Moisture and Chemical Resistance

PETG wins on chemical resistance. It's inherently more resistant to moisture absorption during use (though it still absorbs moisture from the atmosphere during storage). PLA and PLA+ degrade when exposed to prolonged moisture — they're biodegradable by design. For parts exposed to intermittent water contact (bathroom fixtures, outdoor tool holders, irrigation parts), PETG will outlast PLA+ significantly. PLA+ is not suitable for applications with continuous moisture exposure.

Side-by-Side Comparison

Here are the key differences at a glance — based on median values across our database:

Tensile Strength
48.5 MPa avg vs 46.0 MPa avg
PLA+ slightly stronger — 40 vs 81 filaments with data
Heat Deflection Temp
55°C median vs 70°C median
PETG wins by 15°C — critical for real-world use
Bed Temperature
45°C median vs 70°C median
PLA+ is far easier to print — often no heated bed needed
Compare PLA+ & PETG side-by-side in the Filabase Explorer →

When to Use PLA+

When to Use PETG

Which Specific Filaments Are Worth Considering?

For PLA+, eSUN PLA+ (63 MPa tensile, 1,973 MPa flexural modulus, 53°C HDT, 210–230°C print temp) is the most widely available benchmark-grade option. Sunlu PLA+ (64 MPa tensile, 2,907 MPa flexural modulus) is stiffer and well-regarded. Eryone PLA+ posts 57.3 MPa tensile and 3,212.8 MPa flexural modulus — among the stiffest in our dataset. For high-speed printers, Elegoo Rapid PLA+ reaches 60 MPa tensile with a print temp range of 190–230°C.

For PETG, AzureFilm PETG Original leads with 56.7 MPa tensile and 73°C HDT. Sunlu PETG (55 MPa tensile, 68°C HDT, 2,226 MPa modulus) is a reliable budget option. Elegoo PETG Translucent (53 MPa tensile, 73°C HDT, 76.4 kJ/m² impact strength) shows unusually high impact resistance for standard PETG. Jayo PETG achieves 61.4 MPa tensile — one of the higher values for a budget-tier PETG.

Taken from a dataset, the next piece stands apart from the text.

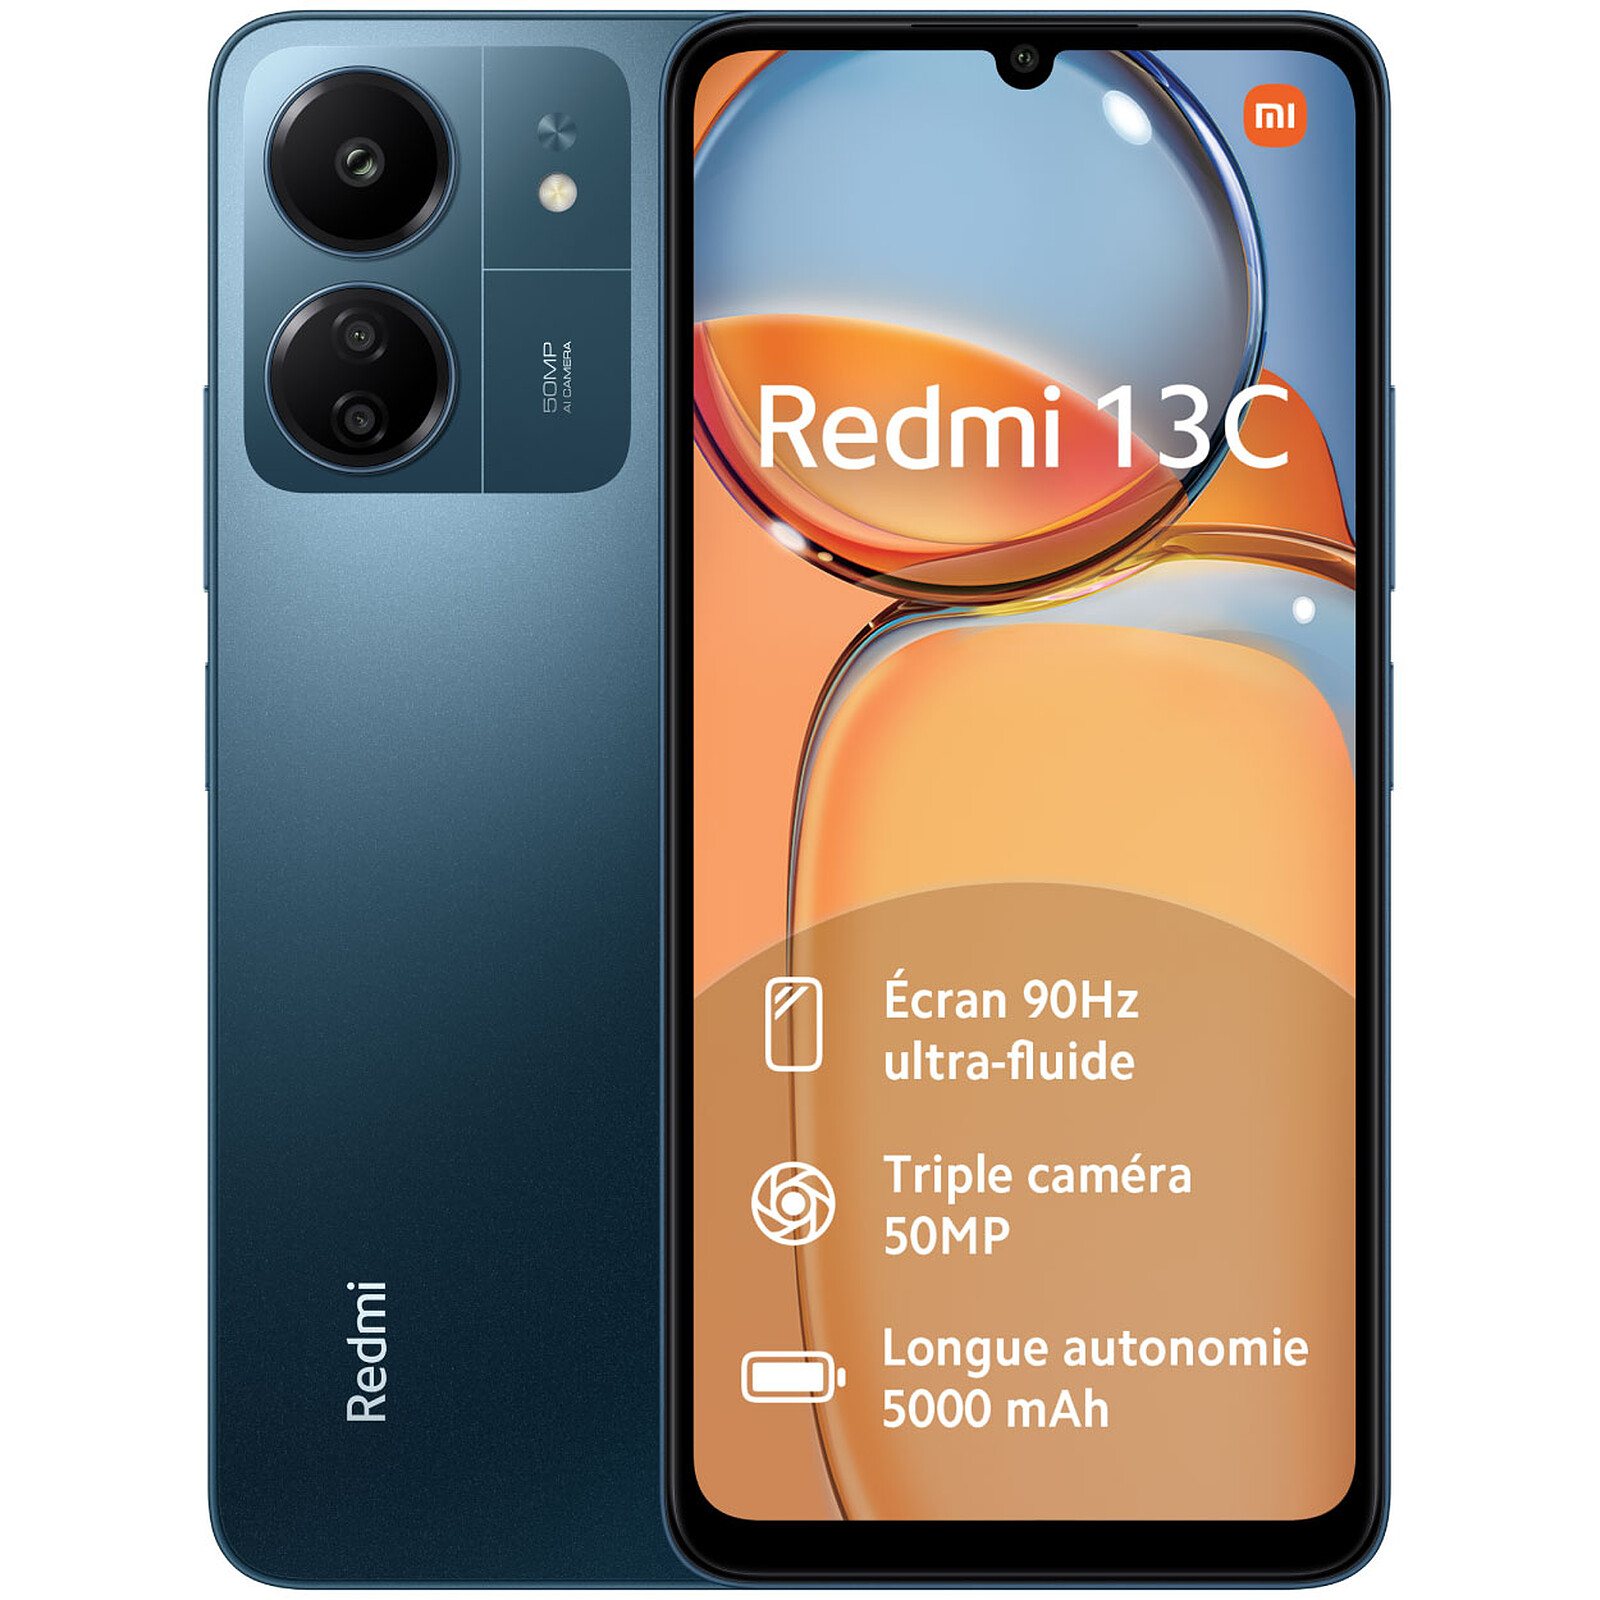 Redmi 13C  Xiaomi Global
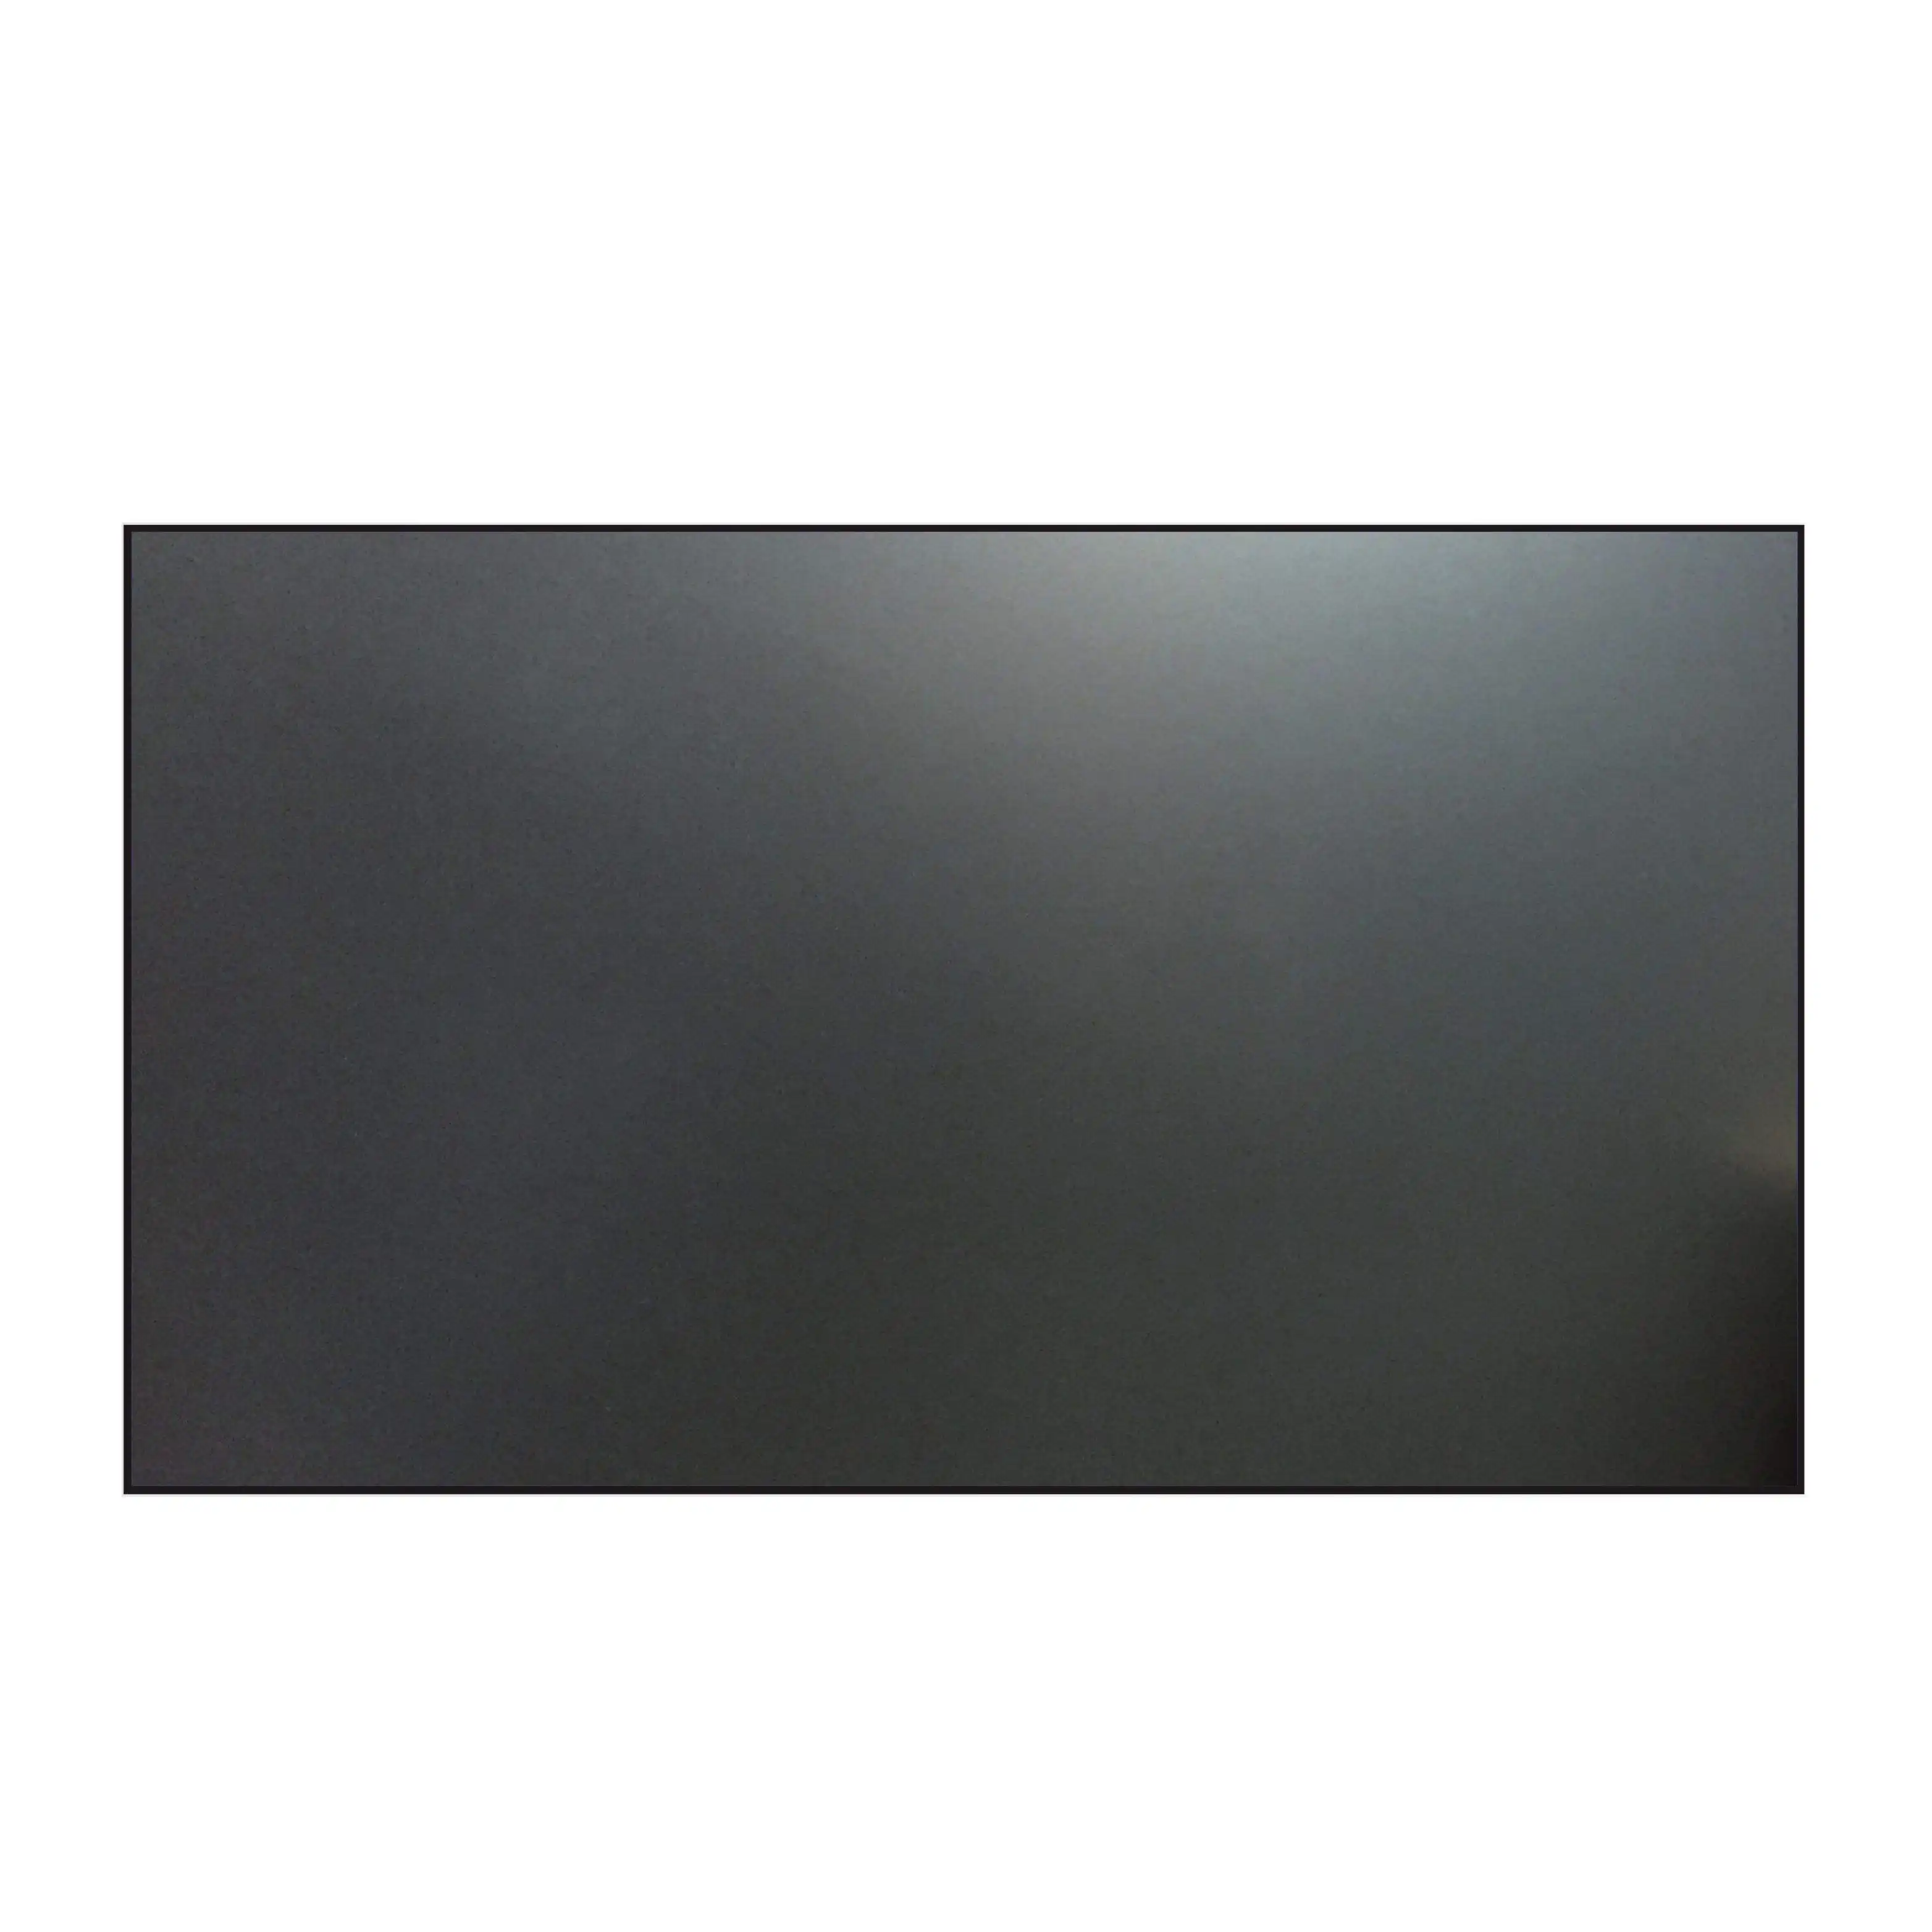 PET kristal CBSP 4K 120 "sabit çerçeve ultra kısa atmak ust clr ekran ortam ışığı reddetme alr pet projeksiyon perdesi

The Real Decision Framework

Ask these three questions: (1) Will the part ever exceed 55°C? If yes, use PETG or higher. (2) Will the part contact moisture or need outdoor durability? If yes, use PETG. (3) Does the part need to be as stiff and rigid as possible for indoor use? PLA+ edges out PETG on stiffness. In the vast majority of cases where the answer to questions 1 and 2 is "no," PLA+ is the easier, faster, lower-friction choice. When environmental conditions matter, PETG's 15°C heat advantage and better moisture resistance make it worth the slightly more demanding print settings.